Chapter Six
CHAPTER SIX
Kieran
Did Ellie Wasserman live in a fairy house? The Berkeley Craftsman’s wooden siding was chocolate brown, the trim was a cheerful poppy red, and tangled green vines ran along the eaves and surrounded the front door. The only greenery on my block was a sickly maple that was a toilet for dogs, and sometimes for humans.
But she’d told me her place was around the back. Gravel crunched under my feet as I walked up the driveway, around a little red sedan and past a fire pit with a few dingy plastic chairs around it. The whole backyard was full of California winter colors: highlighter-pink and cream camellias, a dark green Meyer lemon tree loaded with saffron-yellow fruit. I picked one off the tree and scratched the peel that smelled like sunlight.
The guesthouse in the corner of the yard was a tiny, rickety-looking version of the main building. But that was life in the Bay Area. You found a little bit of space where you could and paid rent that would make people cry-laugh anywhere else. At least she got more natural light and fresh air than I did.

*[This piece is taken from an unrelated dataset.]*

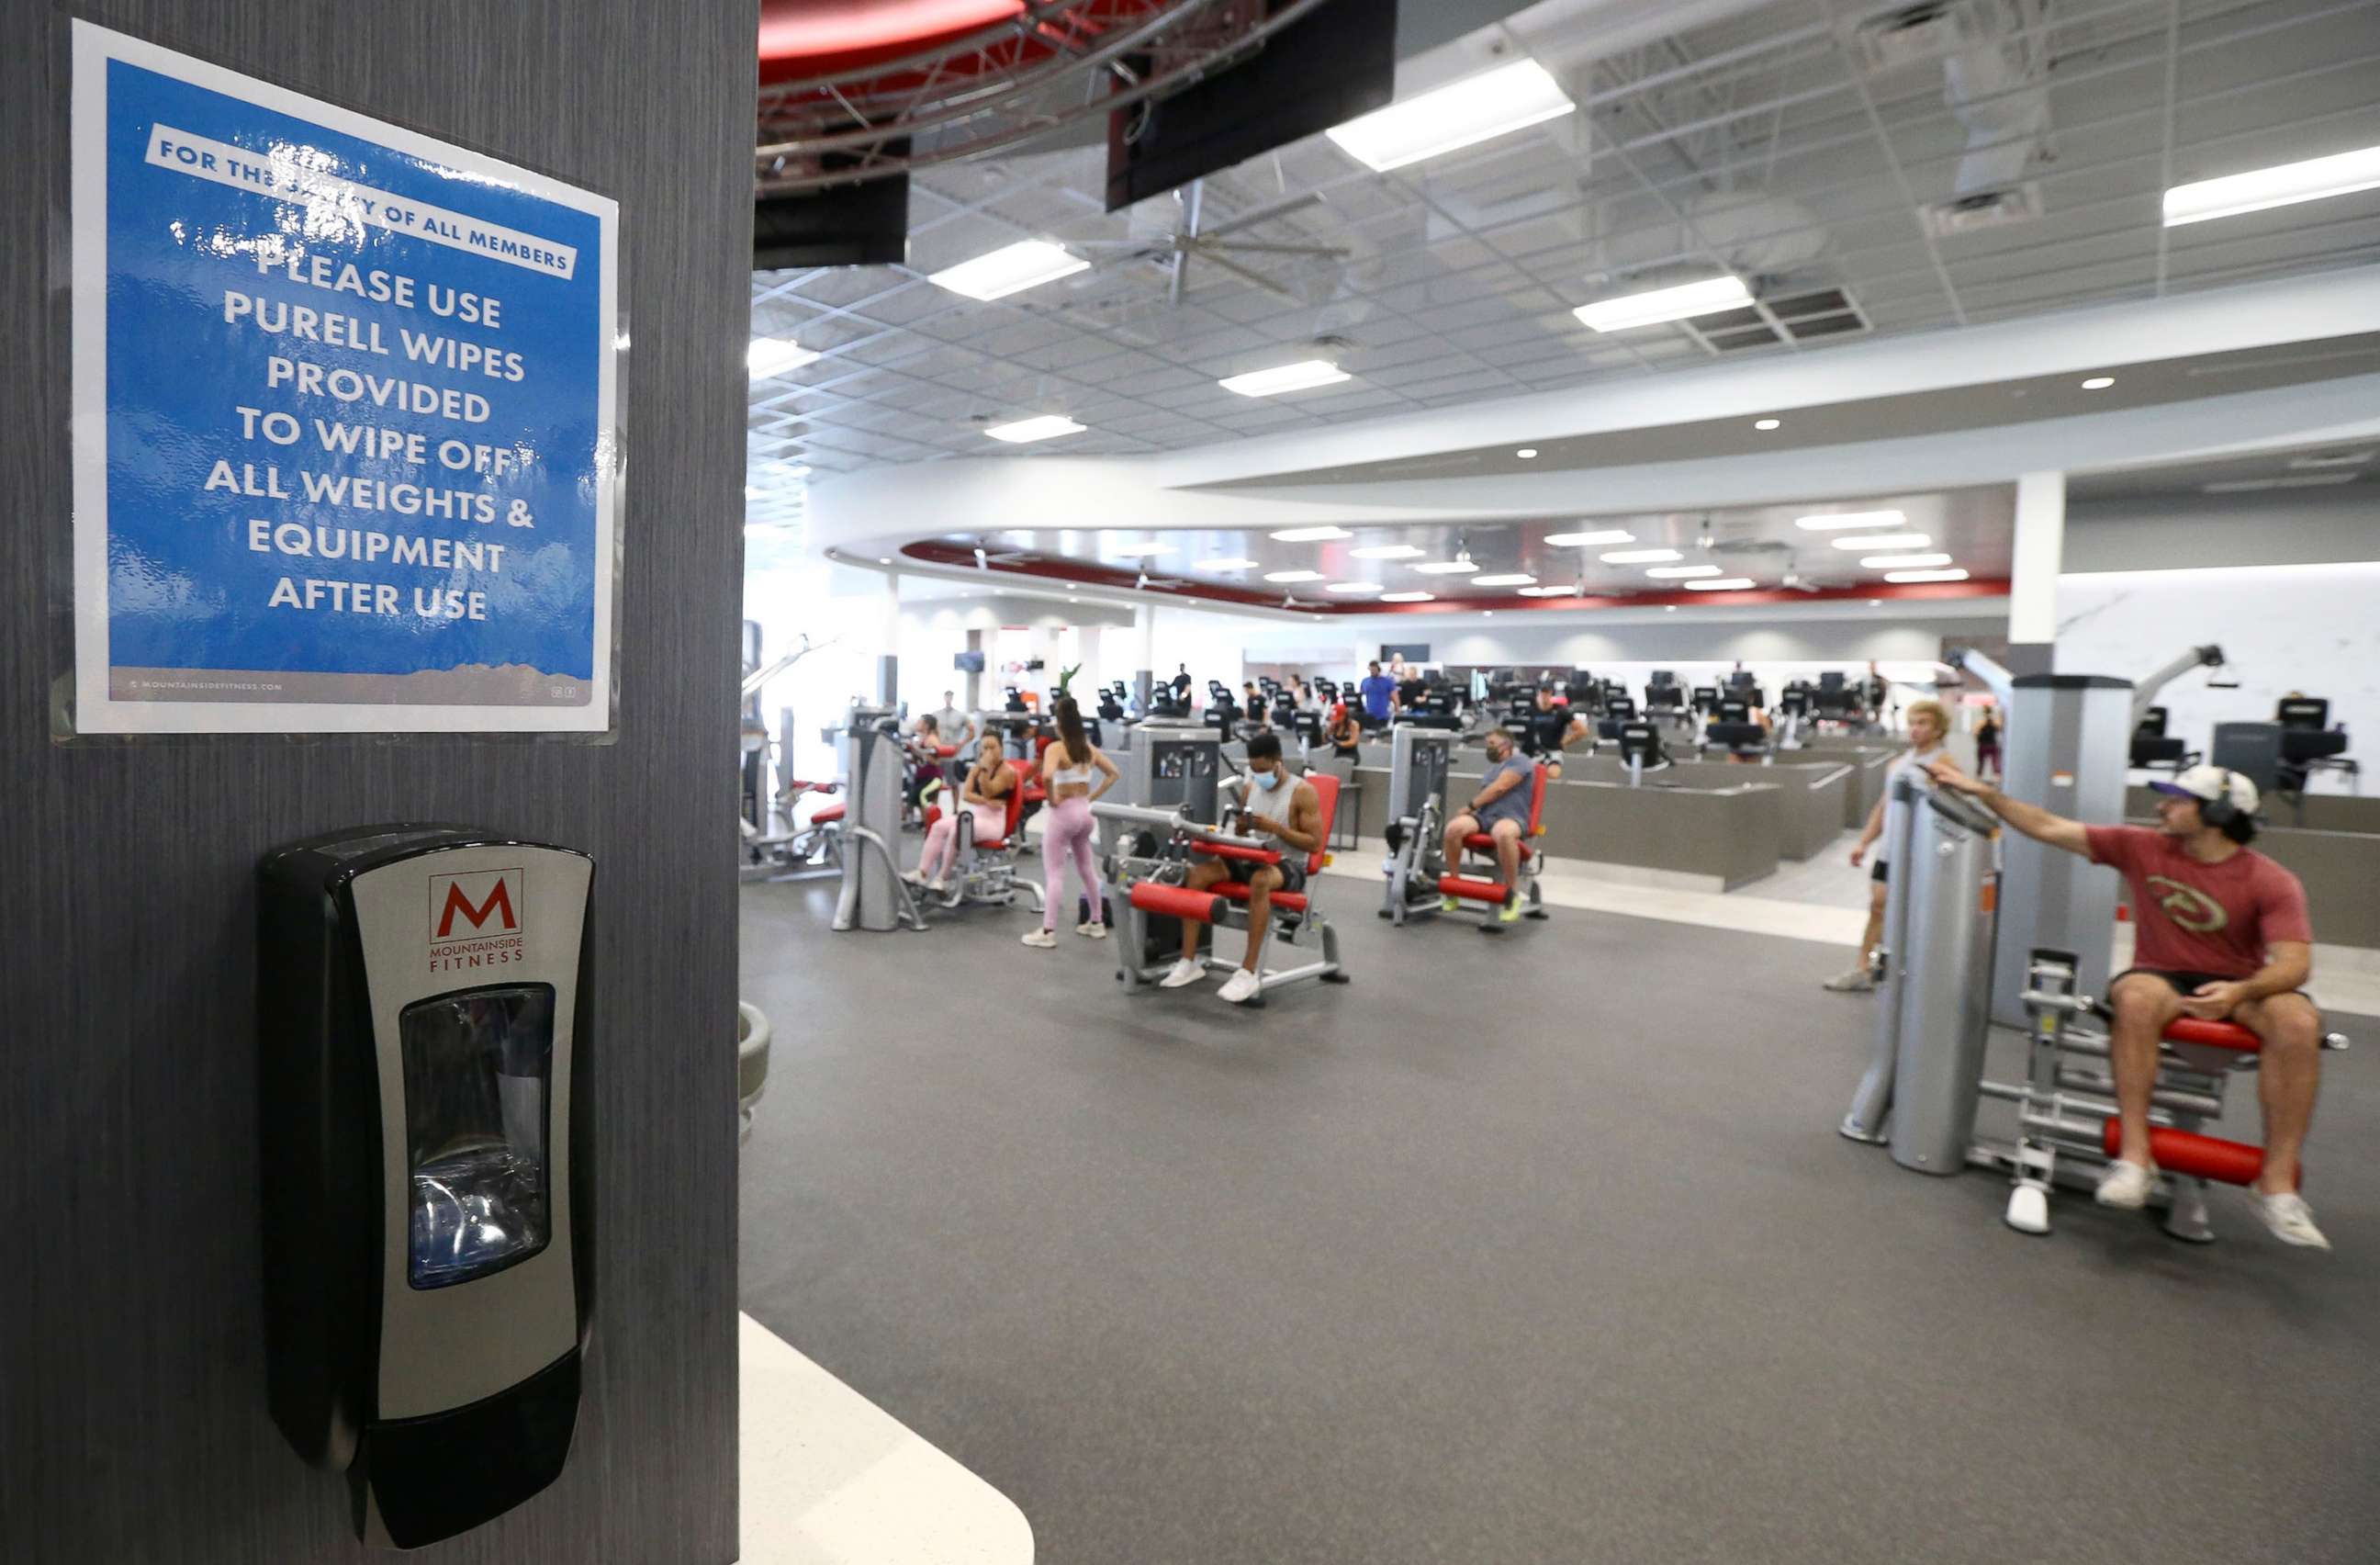 PHOTO: Clients work out at Mountainside Fitness as the facility remains open even as Arizona Gov. Doug Ducey has issued an executive order for all gyms to close due to the surge in coronavirus cases in Arizona, July 2, 2020, in Phoenix.

I tapped my knuckles on the green door. Quiet greeted me. Maybe she was in the middle of something?
Ten seconds later, I knocked again. Then I twisted the knob. It wasn’t locked, so I stuck my head around the door. “Ellie?”
“DON’T!” she yelled at the top of her lungs as a blur shot by my feet.
The lemon went flying. “What the fuck?” I yelped.
But Ellie wasn’t looking at me when she ran up to the door. “Floyd, no!” She shouldered me to the side and lunged down to the ground. She came up with a squirming cat that let off an angry meow.
“I’m so sorry, sweet boy,” she said softly as she carried the huge tabby back inside. Her voice was like I’d never heard it before, warm and soothing like the first sip of hot chocolate on a cold day. “I know you wanted to go do catty crimes. But you can’t be the terror of the neighborhood anymore.” She rubbed her nose against his fluffy cheek when he yowled again. “You have to let me look after you.”
My finger found the collar of my sweatshirt and heat flooded my skin. Maybe I wouldn’t have gotten into as much trouble as a kid if someone had hugged me and talked to me like that when I broke something or flunked another test, instead of lecturing me over and over again about how I was letting everyone down.
“Could you close the door, please?” Ellie said.
I inhaled, then breathed the memory out. Business Ellie was talking to me now. “Good afternoon, Kieran. Good to see you, Kieran,” I said as I pushed the door shut behind me.
She closed her eyes for a second, then put the cat down. “I’m sorry. Kieran, good afternoon. As you saw, I was a little distracted.”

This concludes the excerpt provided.